» **TRY IT**:
Write out only the lines from the line containing "Eagles quarterback Carson" to the end of the listing below, both included, exactly as they stand. Drop the pictures.

» **COLLECTED MATERIAL**:
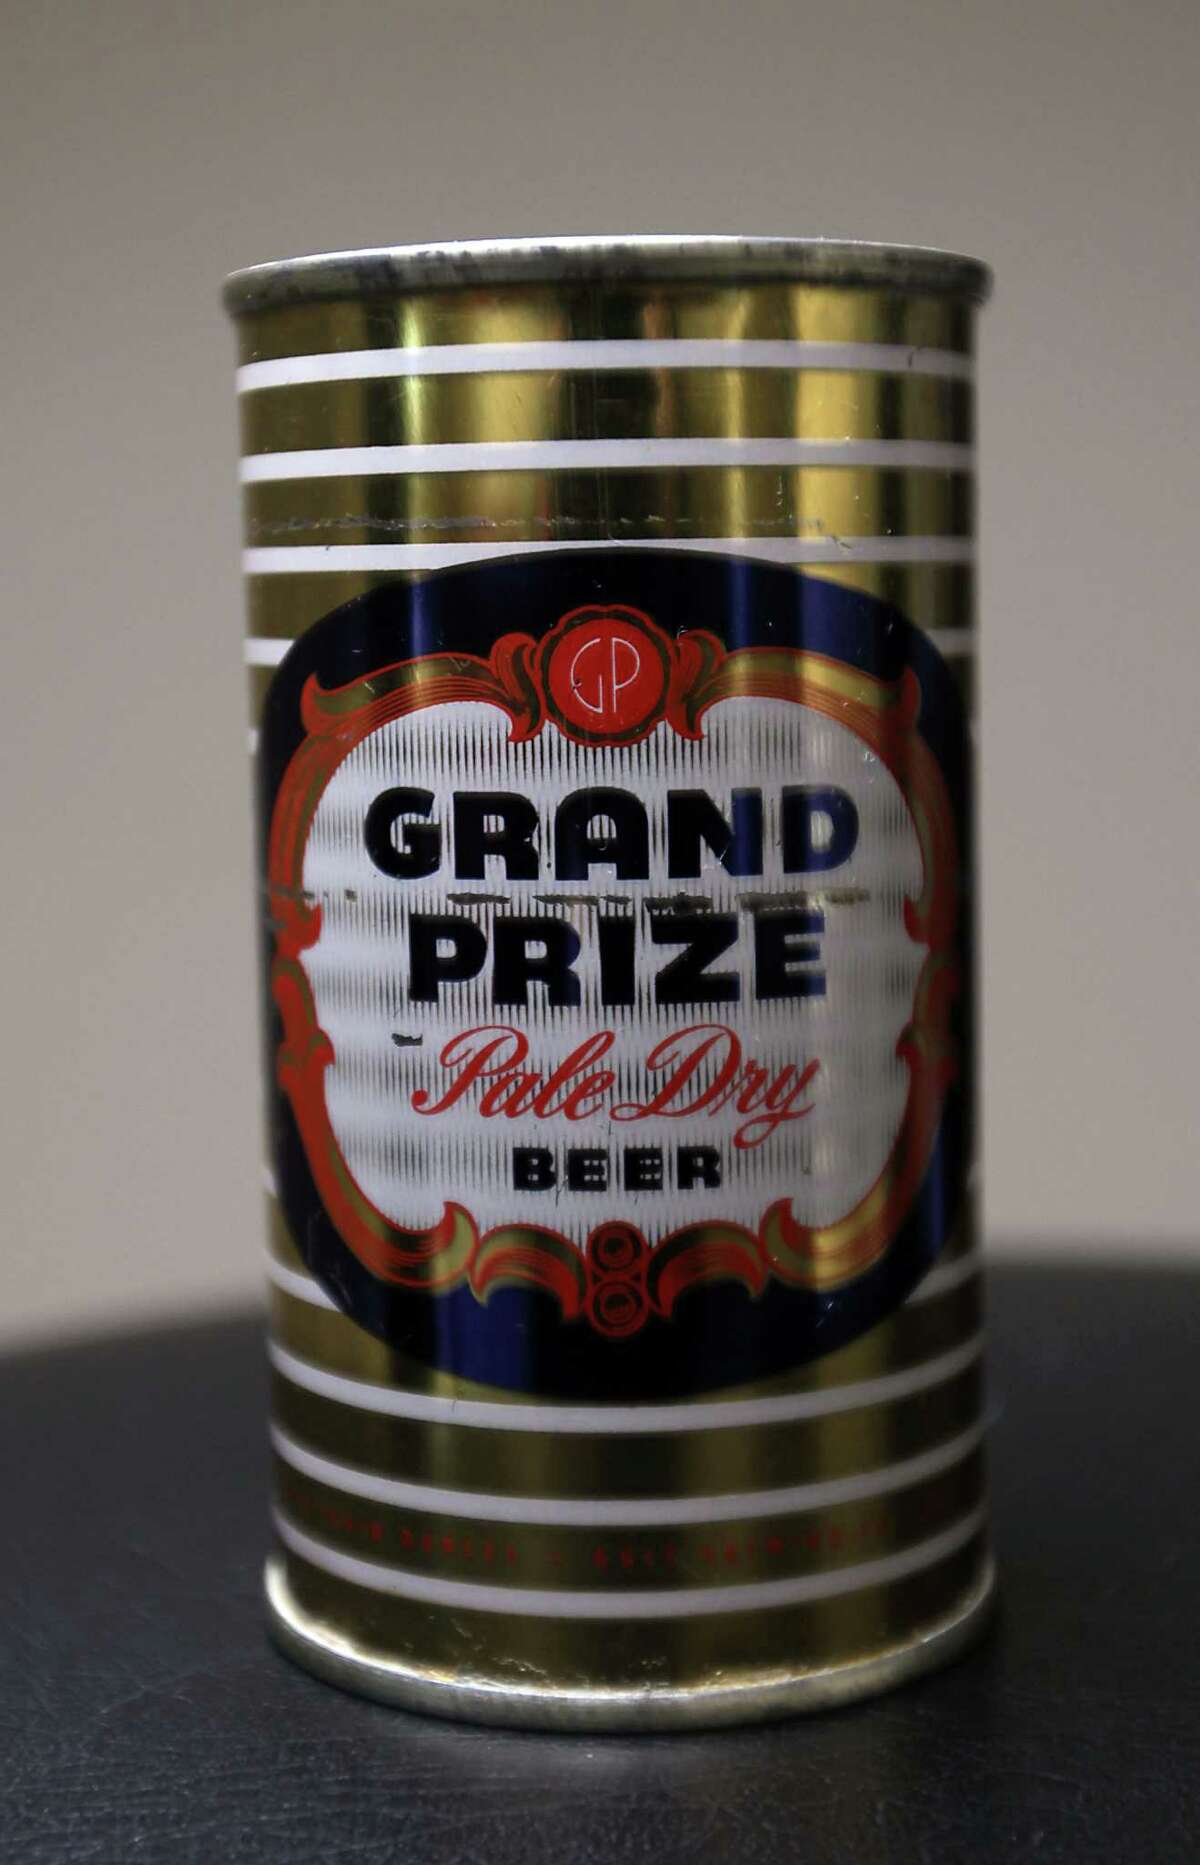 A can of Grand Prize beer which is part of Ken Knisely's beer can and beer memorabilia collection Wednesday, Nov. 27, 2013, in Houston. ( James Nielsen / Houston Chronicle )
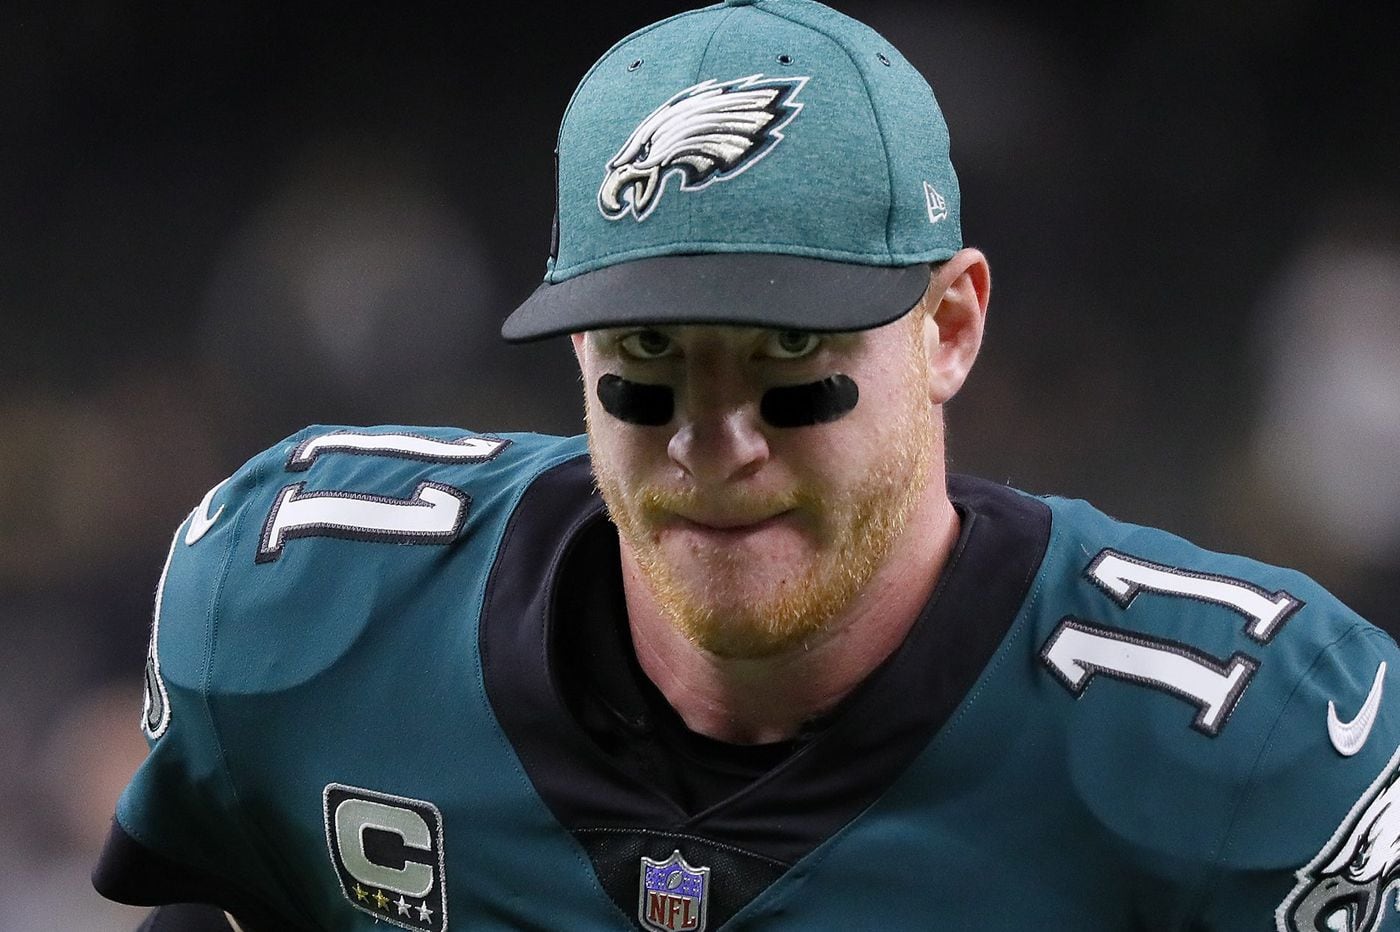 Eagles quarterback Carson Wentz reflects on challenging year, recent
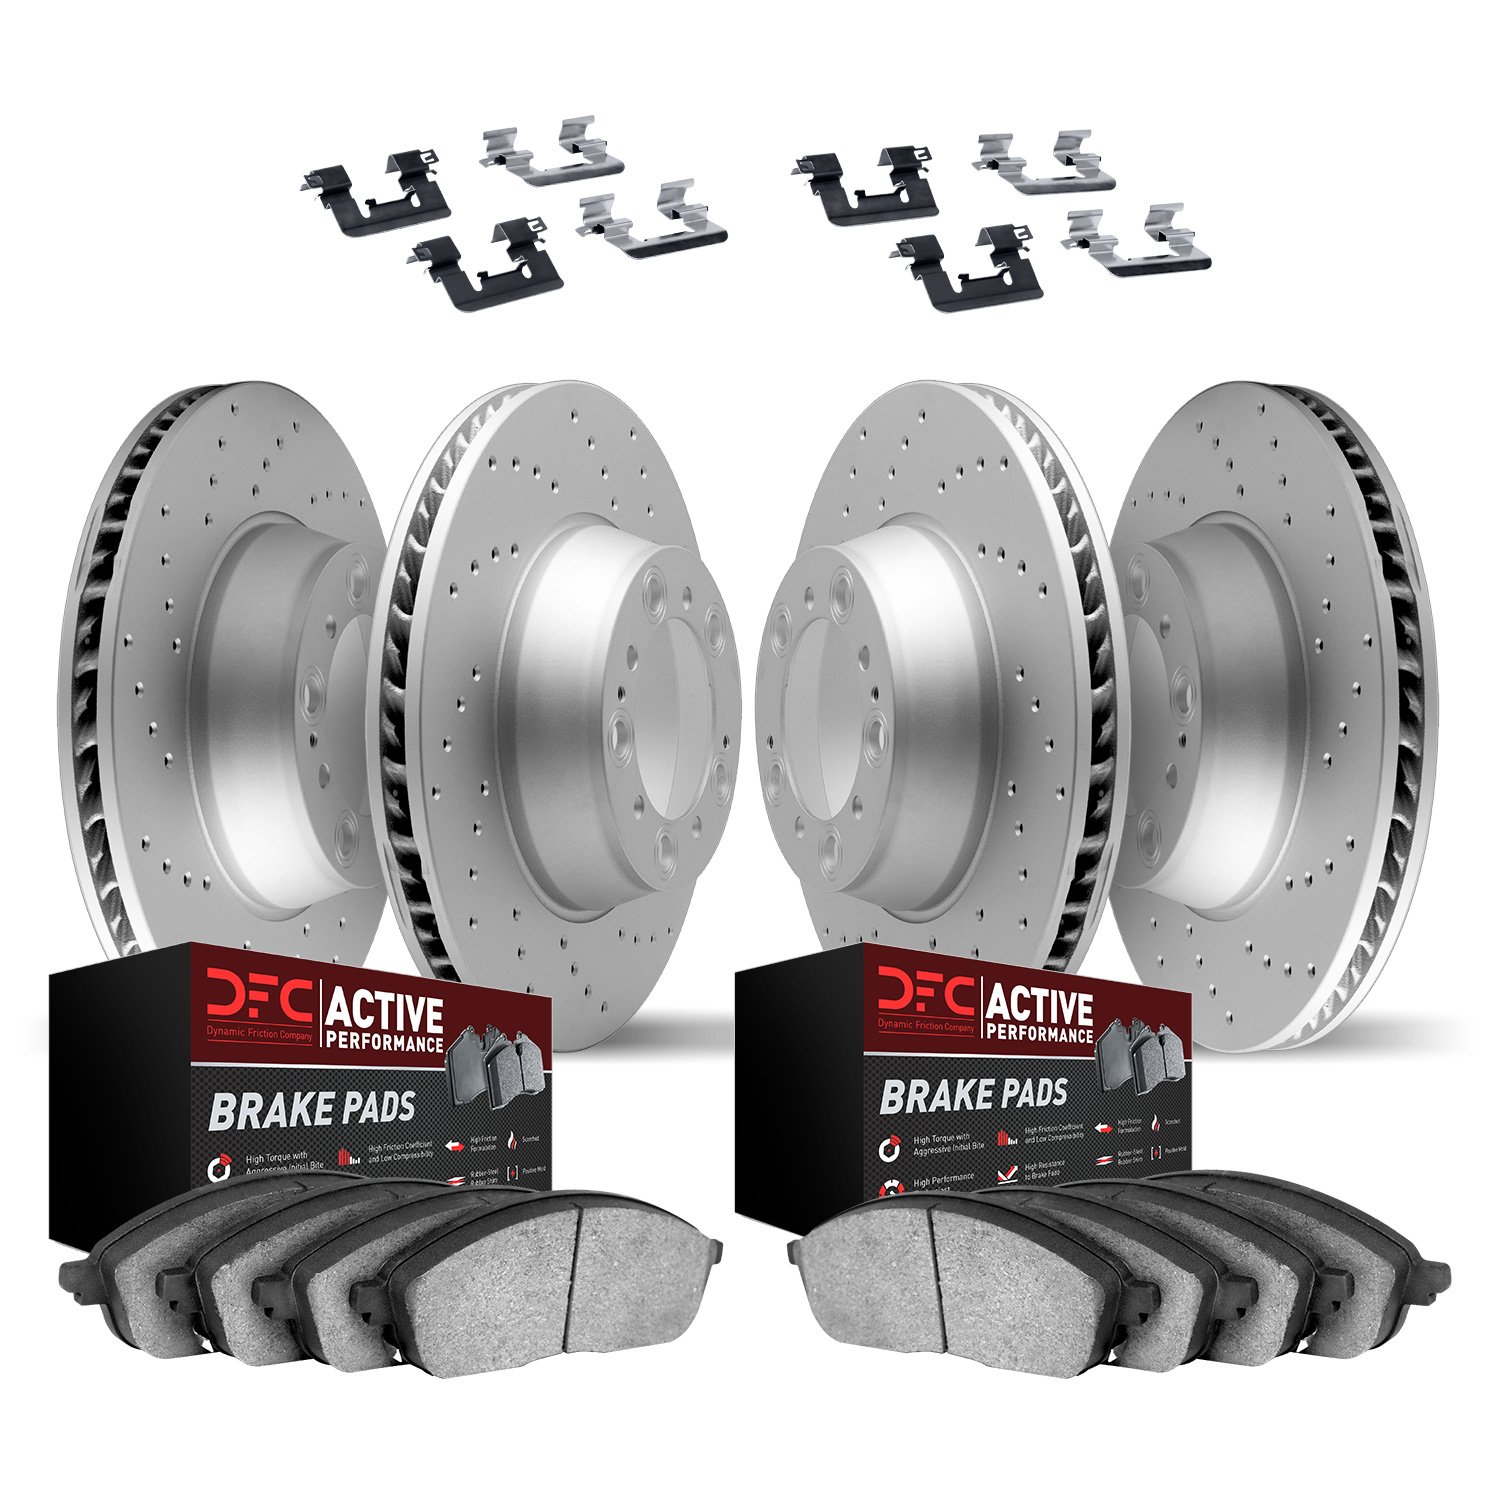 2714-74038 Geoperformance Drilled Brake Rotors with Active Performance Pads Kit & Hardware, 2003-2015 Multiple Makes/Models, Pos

» **RESULT**:
 Eagles quarterback Carson Wentz reflects on challenging year, recent
 2714-74038 Geoperformance Drilled Brake Rotors with Active Performance Pads Kit & Hardware, 2003-2015 Multiple Makes/Models, Pos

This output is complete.